** Exercise prompt **
From the first line to the last, give the records again exactly.

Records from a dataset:
+ + + +
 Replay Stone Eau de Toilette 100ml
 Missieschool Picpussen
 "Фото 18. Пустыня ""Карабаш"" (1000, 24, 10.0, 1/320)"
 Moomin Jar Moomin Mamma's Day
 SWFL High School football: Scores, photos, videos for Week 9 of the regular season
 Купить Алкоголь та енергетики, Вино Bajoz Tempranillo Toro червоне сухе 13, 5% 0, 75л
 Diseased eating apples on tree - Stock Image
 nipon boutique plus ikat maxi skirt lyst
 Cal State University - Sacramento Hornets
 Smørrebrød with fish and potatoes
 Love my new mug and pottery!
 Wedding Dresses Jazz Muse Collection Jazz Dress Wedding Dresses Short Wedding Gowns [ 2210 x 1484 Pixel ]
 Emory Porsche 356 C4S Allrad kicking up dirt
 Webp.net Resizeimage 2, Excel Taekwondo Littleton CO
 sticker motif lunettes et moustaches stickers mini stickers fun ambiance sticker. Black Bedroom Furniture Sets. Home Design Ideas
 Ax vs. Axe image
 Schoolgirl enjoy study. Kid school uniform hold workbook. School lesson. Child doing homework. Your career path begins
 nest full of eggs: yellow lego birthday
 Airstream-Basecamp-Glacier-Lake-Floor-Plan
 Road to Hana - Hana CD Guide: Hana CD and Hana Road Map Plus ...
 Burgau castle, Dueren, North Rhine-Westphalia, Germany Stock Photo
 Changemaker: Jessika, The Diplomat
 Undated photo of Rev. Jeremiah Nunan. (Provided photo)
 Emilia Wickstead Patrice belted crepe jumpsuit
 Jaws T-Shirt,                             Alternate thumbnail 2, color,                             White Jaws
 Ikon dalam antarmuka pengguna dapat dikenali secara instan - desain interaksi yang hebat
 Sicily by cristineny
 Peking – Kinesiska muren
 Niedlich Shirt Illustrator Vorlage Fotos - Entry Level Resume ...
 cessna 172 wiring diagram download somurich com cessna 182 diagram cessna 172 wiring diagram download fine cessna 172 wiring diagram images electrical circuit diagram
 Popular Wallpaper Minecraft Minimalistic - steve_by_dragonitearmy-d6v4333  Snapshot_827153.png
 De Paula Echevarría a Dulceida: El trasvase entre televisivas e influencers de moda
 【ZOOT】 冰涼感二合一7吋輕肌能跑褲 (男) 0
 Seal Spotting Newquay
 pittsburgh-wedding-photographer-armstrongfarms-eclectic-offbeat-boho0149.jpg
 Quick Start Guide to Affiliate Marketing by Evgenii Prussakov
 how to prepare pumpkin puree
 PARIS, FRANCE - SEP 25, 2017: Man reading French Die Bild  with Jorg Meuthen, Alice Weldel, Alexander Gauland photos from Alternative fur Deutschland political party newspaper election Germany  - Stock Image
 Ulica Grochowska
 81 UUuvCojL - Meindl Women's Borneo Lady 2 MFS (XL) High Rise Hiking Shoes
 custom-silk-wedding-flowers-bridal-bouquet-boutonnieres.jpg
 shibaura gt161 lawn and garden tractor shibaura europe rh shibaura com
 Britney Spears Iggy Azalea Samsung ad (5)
+ + + +
** Answer box **
 Replay Stone Eau de Toilette 100ml
 Missieschool Picpussen
 "Фото 18. Пустыня ""Карабаш"" (1000, 24, 10.0, 1/320)"
 Moomin Jar Moomin Mamma's Day
 SWFL High School football: Scores, photos, videos for Week 9 of the regular season
 Купить Алкоголь та енергетики, Вино Bajoz Tempranillo Toro червоне сухе 13, 5% 0, 75л
 Diseased eating apples on tree - Stock Image
 nipon boutique plus ikat maxi skirt lyst
 Cal State University - Sacramento Hornets
 Smørrebrød with fish and potatoes
 Love my new mug and pottery!
 Wedding Dresses Jazz Muse Collection Jazz Dress Wedding Dresses Short Wedding Gowns [ 2210 x 1484 Pixel ]
 Emory Porsche 356 C4S Allrad kicking up dirt
 Webp.net Resizeimage 2, Excel Taekwondo Littleton CO
 sticker motif lunettes et moustaches stickers mini stickers fun ambiance sticker. Black Bedroom Furniture Sets. Home Design Ideas
 Ax vs. Axe image
 Schoolgirl enjoy study. Kid school uniform hold workbook. School lesson. Child doing homework. Your career path begins
 nest full of eggs: yellow lego birthday
 Airstream-Basecamp-Glacier-Lake-Floor-Plan
 Road to Hana - Hana CD Guide: Hana CD and Hana Road Map Plus ...
 Burgau castle, Dueren, North Rhine-Westphalia, Germany Stock Photo
 Changemaker: Jessika, The Diplomat
 Undated photo of Rev. Jeremiah Nunan. (Provided photo)
 Emilia Wickstead Patrice belted crepe jumpsuit
 Jaws T-Shirt,                             Alternate thumbnail 2, color,                             White Jaws
 Ikon dalam antarmuka pengguna dapat dikenali secara instan - desain interaksi yang hebat
 Sicily by cristineny
 Peking – Kinesiska muren
 Niedlich Shirt Illustrator Vorlage Fotos - Entry Level Resume ...
 cessna 172 wiring diagram download somurich com cessna 182 diagram cessna 172 wiring diagram download fine cessna 172 wiring diagram images electrical circuit diagram
 Popular Wallpaper Minecraft Minimalistic - steve_by_dragonitearmy-d6v4333  Snapshot_827153.png
 De Paula Echevarría a Dulceida: El trasvase entre televisivas e influencers de moda
 【ZOOT】 冰涼感二合一7吋輕肌能跑褲 (男) 0
 Seal Spotting Newquay
 pittsburgh-wedding-photographer-armstrongfarms-eclectic-offbeat-boho0149.jpg
 Quick Start Guide to Affiliate Marketing by Evgenii Prussakov
 how to prepare pumpkin puree
 PARIS, FRANCE - SEP 25, 2017: Man reading French Die Bild  with Jorg Meuthen, Alice Weldel, Alexander Gauland photos from Alternative fur Deutschland political party newspaper election Germany  - Stock Image
 Ulica Grochowska
 81 UUuvCojL - Meindl Women's Borneo Lady 2 MFS (XL) High Rise Hiking Shoes
 custom-silk-wedding-flowers-bridal-bouquet-boutonnieres.jpg
 shibaura gt161 lawn and garden tractor shibaura europe rh shibaura com
 Britney Spears Iggy Azalea Samsung ad (5)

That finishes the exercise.